**Collected material**
-------------------------
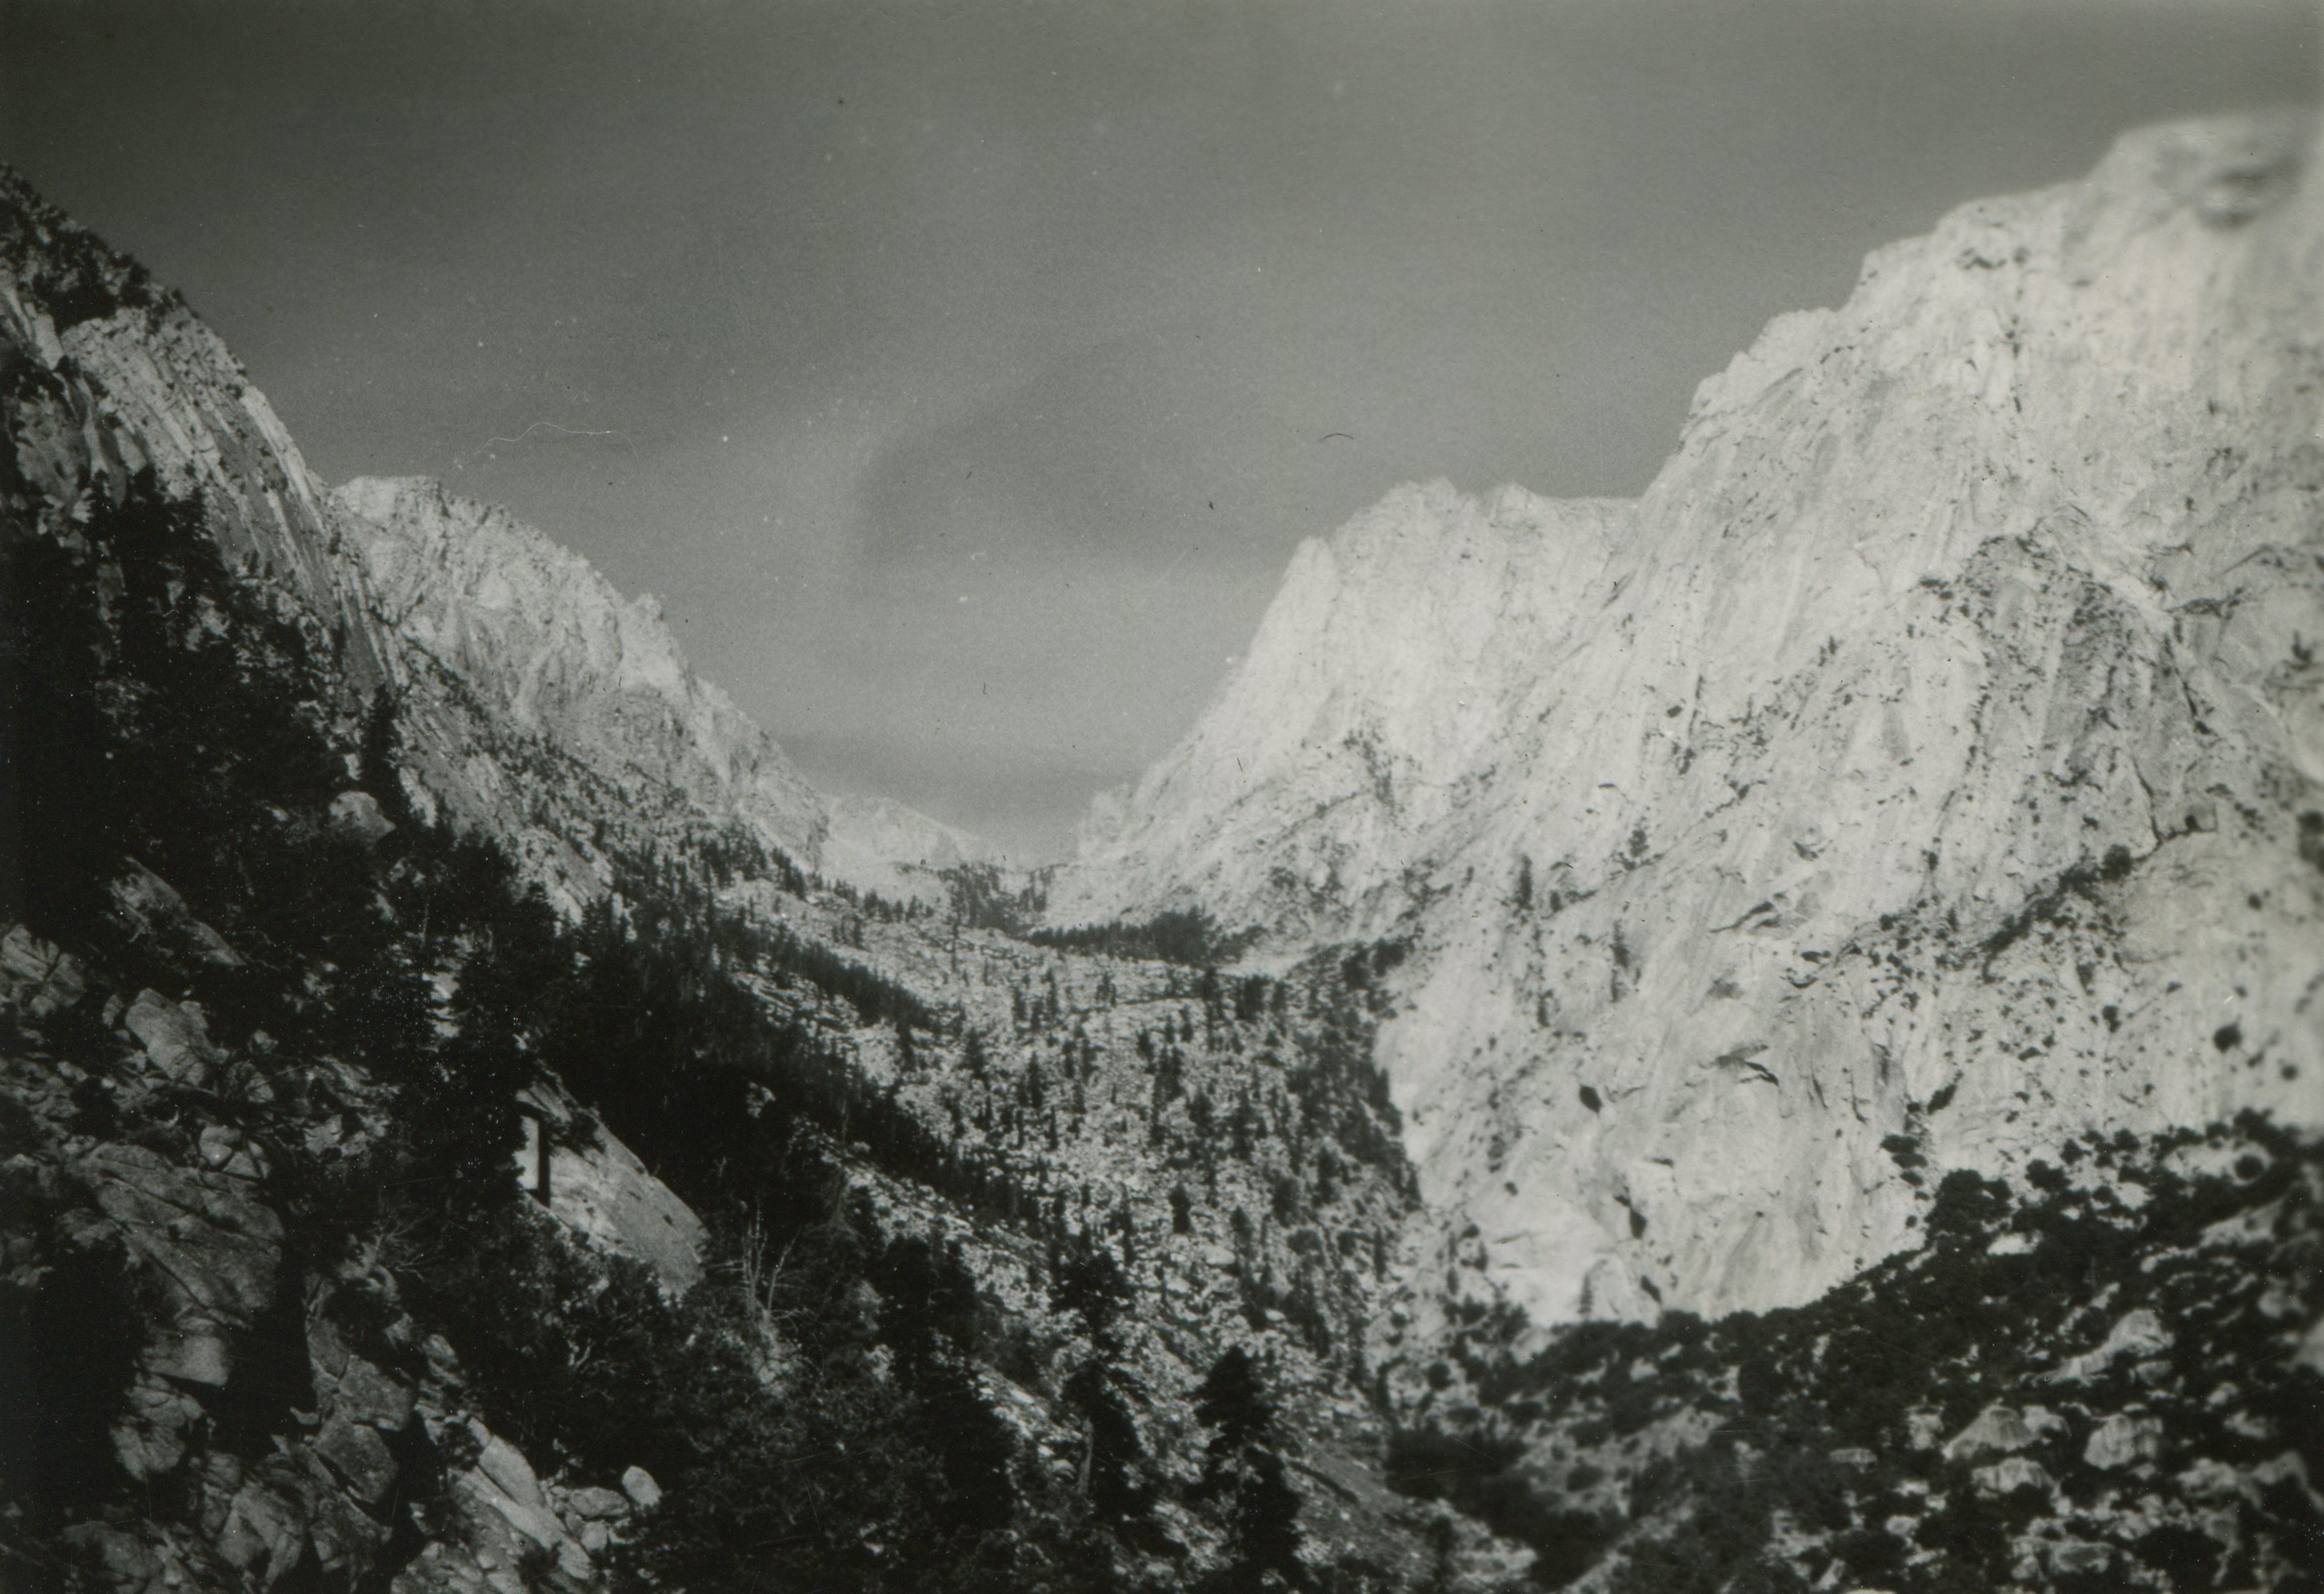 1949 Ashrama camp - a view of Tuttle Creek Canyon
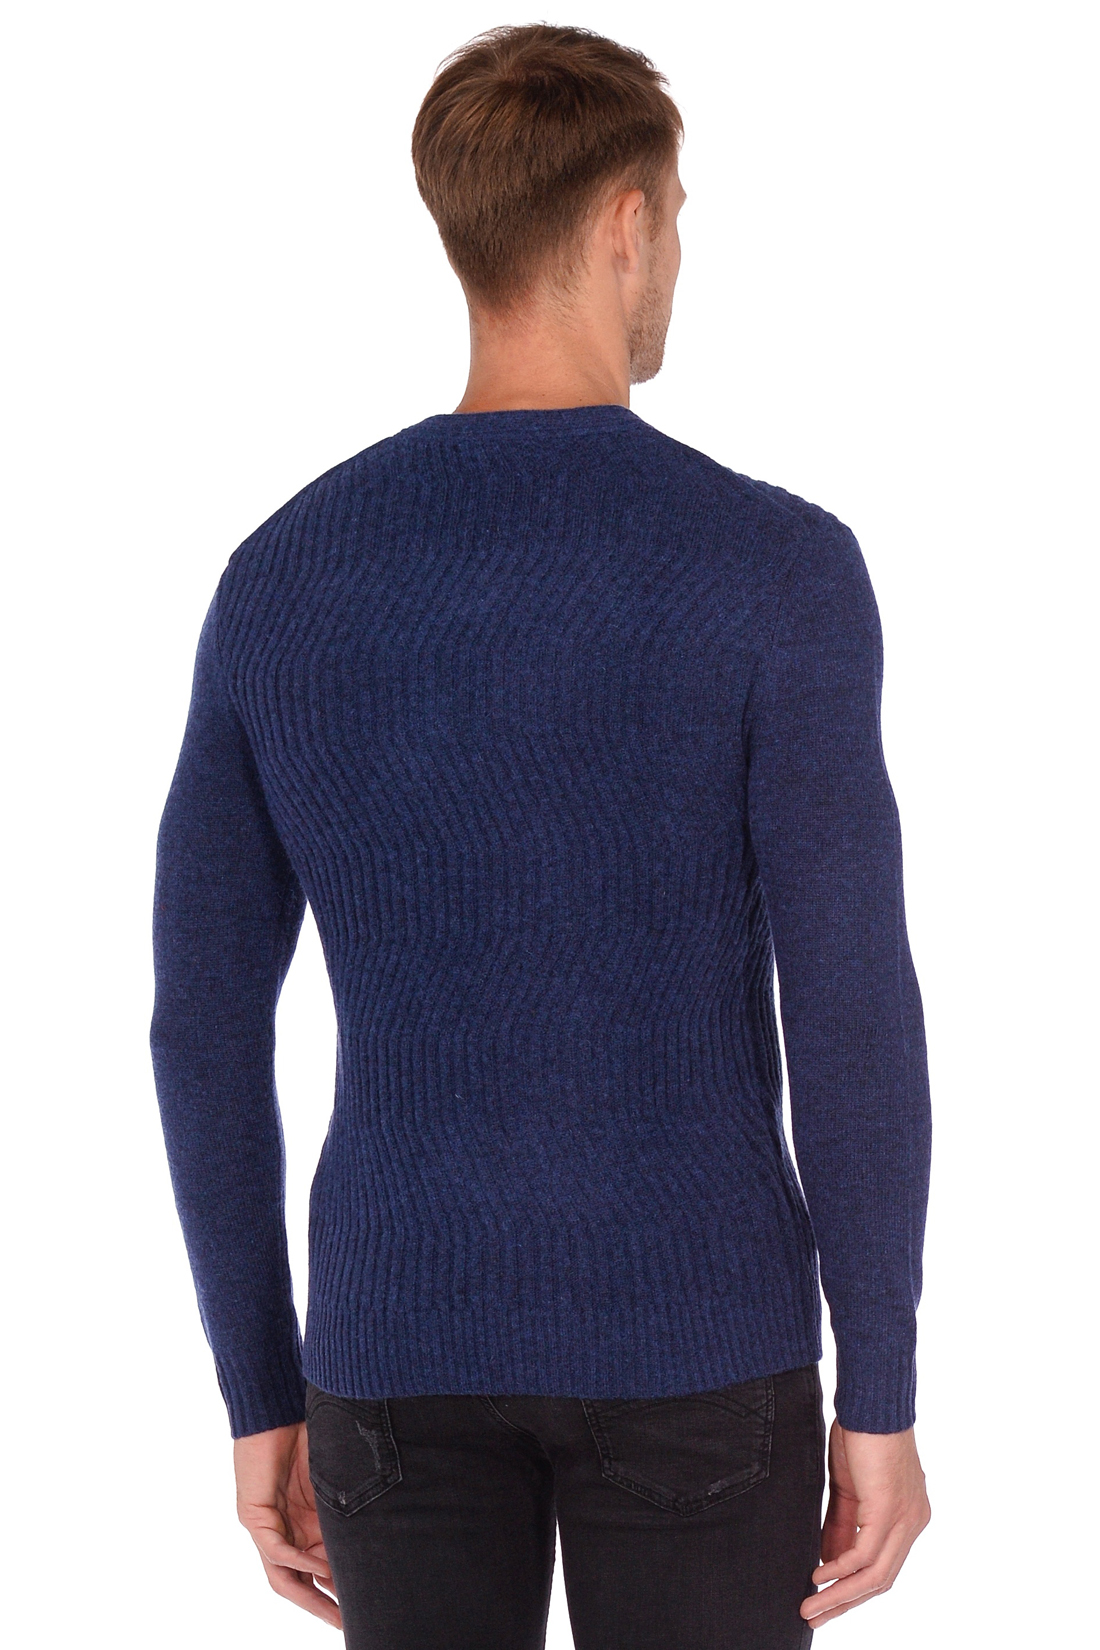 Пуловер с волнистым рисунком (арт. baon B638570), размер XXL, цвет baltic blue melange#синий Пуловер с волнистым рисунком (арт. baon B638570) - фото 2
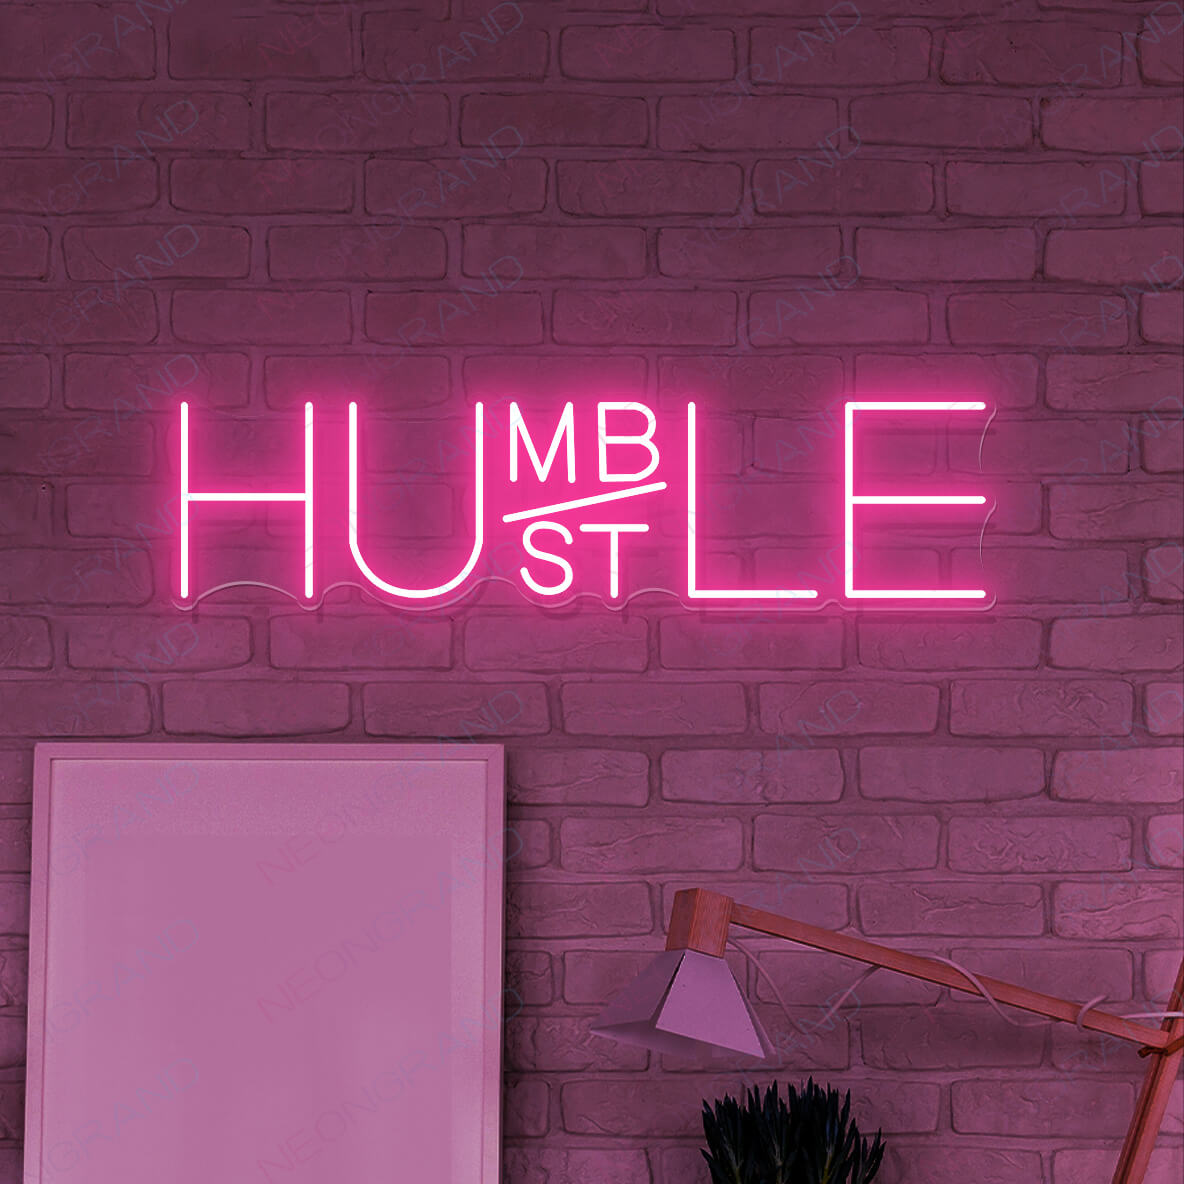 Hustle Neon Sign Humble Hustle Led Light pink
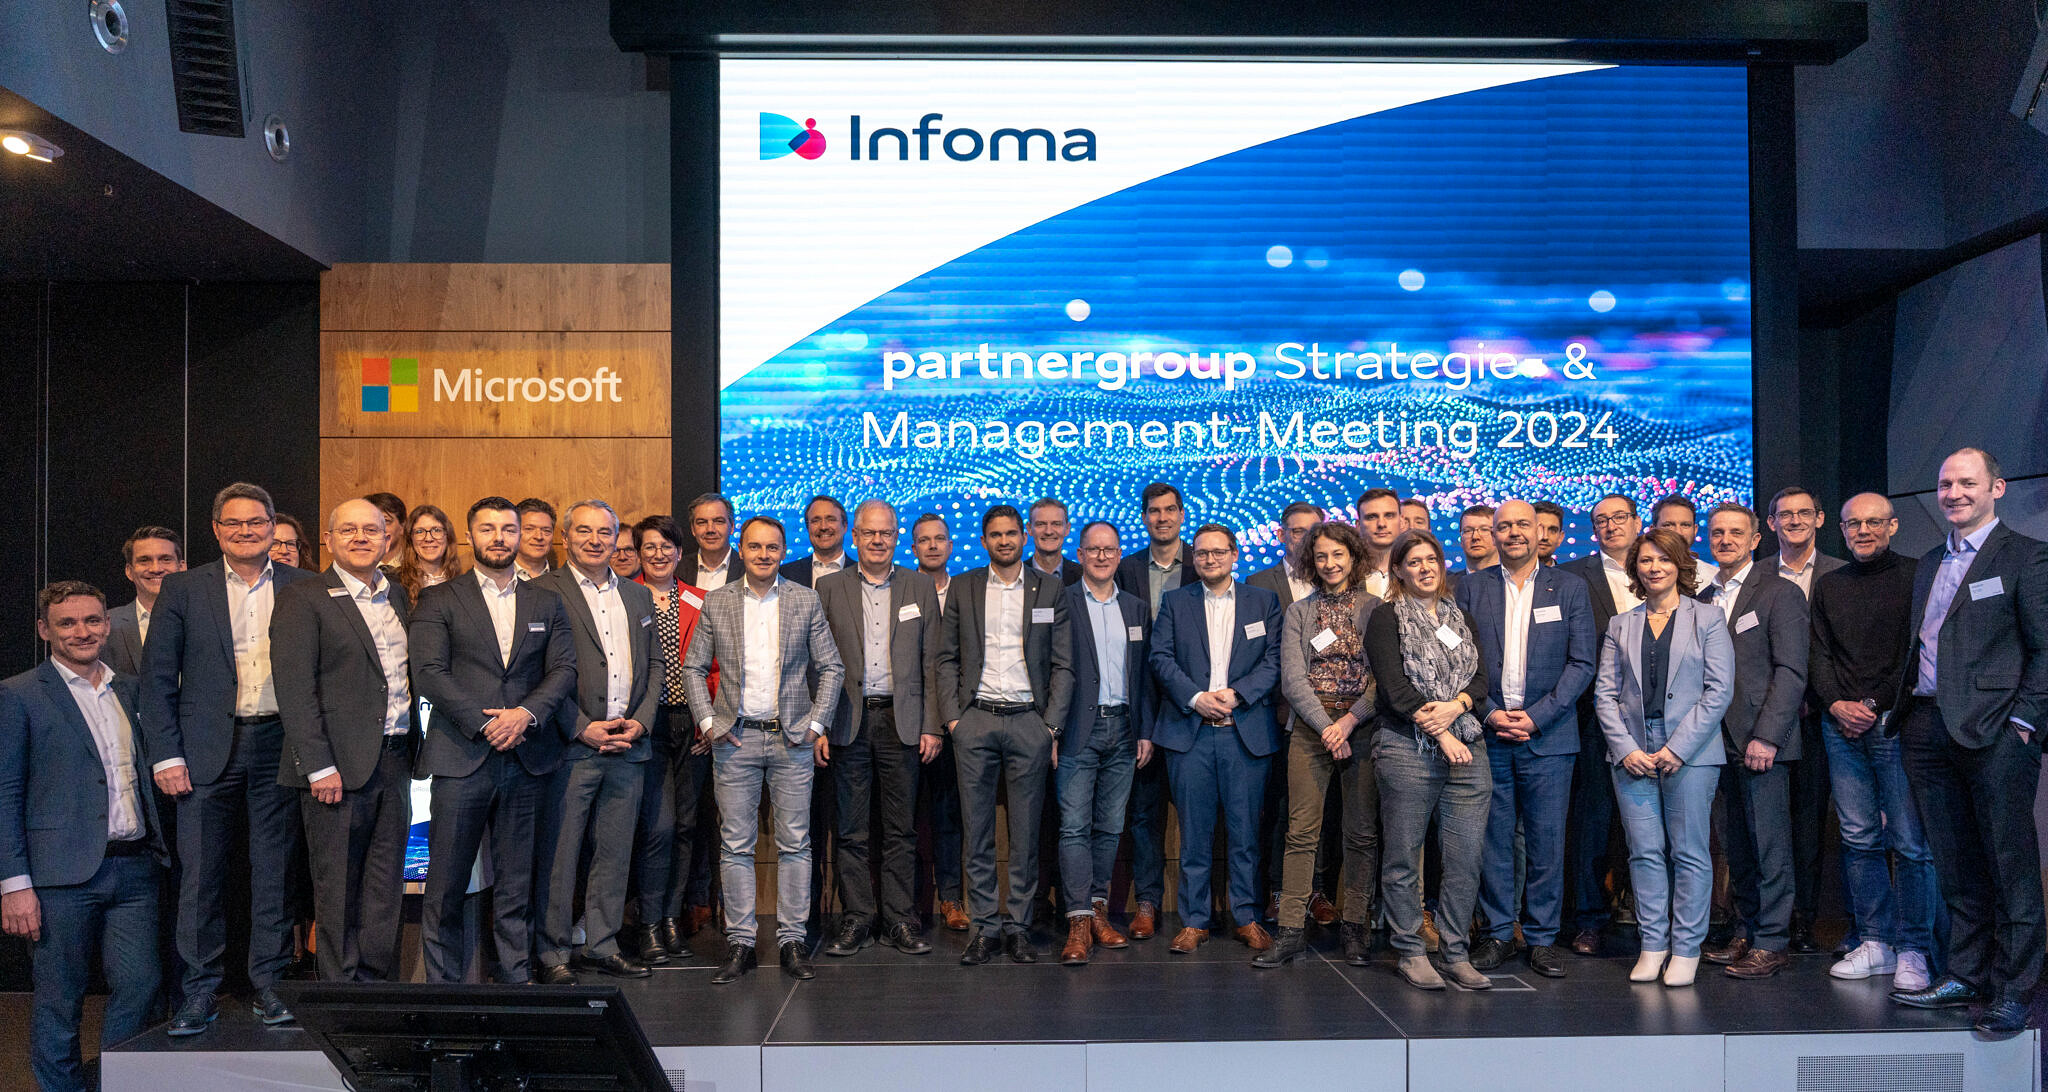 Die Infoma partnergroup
-------------------------
**Exercise details**
Output the listing word for word. Drop the pictures.

**Output for this task**
 1949 Ashrama camp - a view of Tuttle Creek Canyon
 Пуловер с волнистым рисунком (арт. baon B638570), размер XXL, цвет baltic blue melange#синий Пуловер с волнистым рисунком (арт. baon B638570) - фото 2
 Hustle Neon Sign Humble Hustle Led Light pink
 Die Infoma partnergroup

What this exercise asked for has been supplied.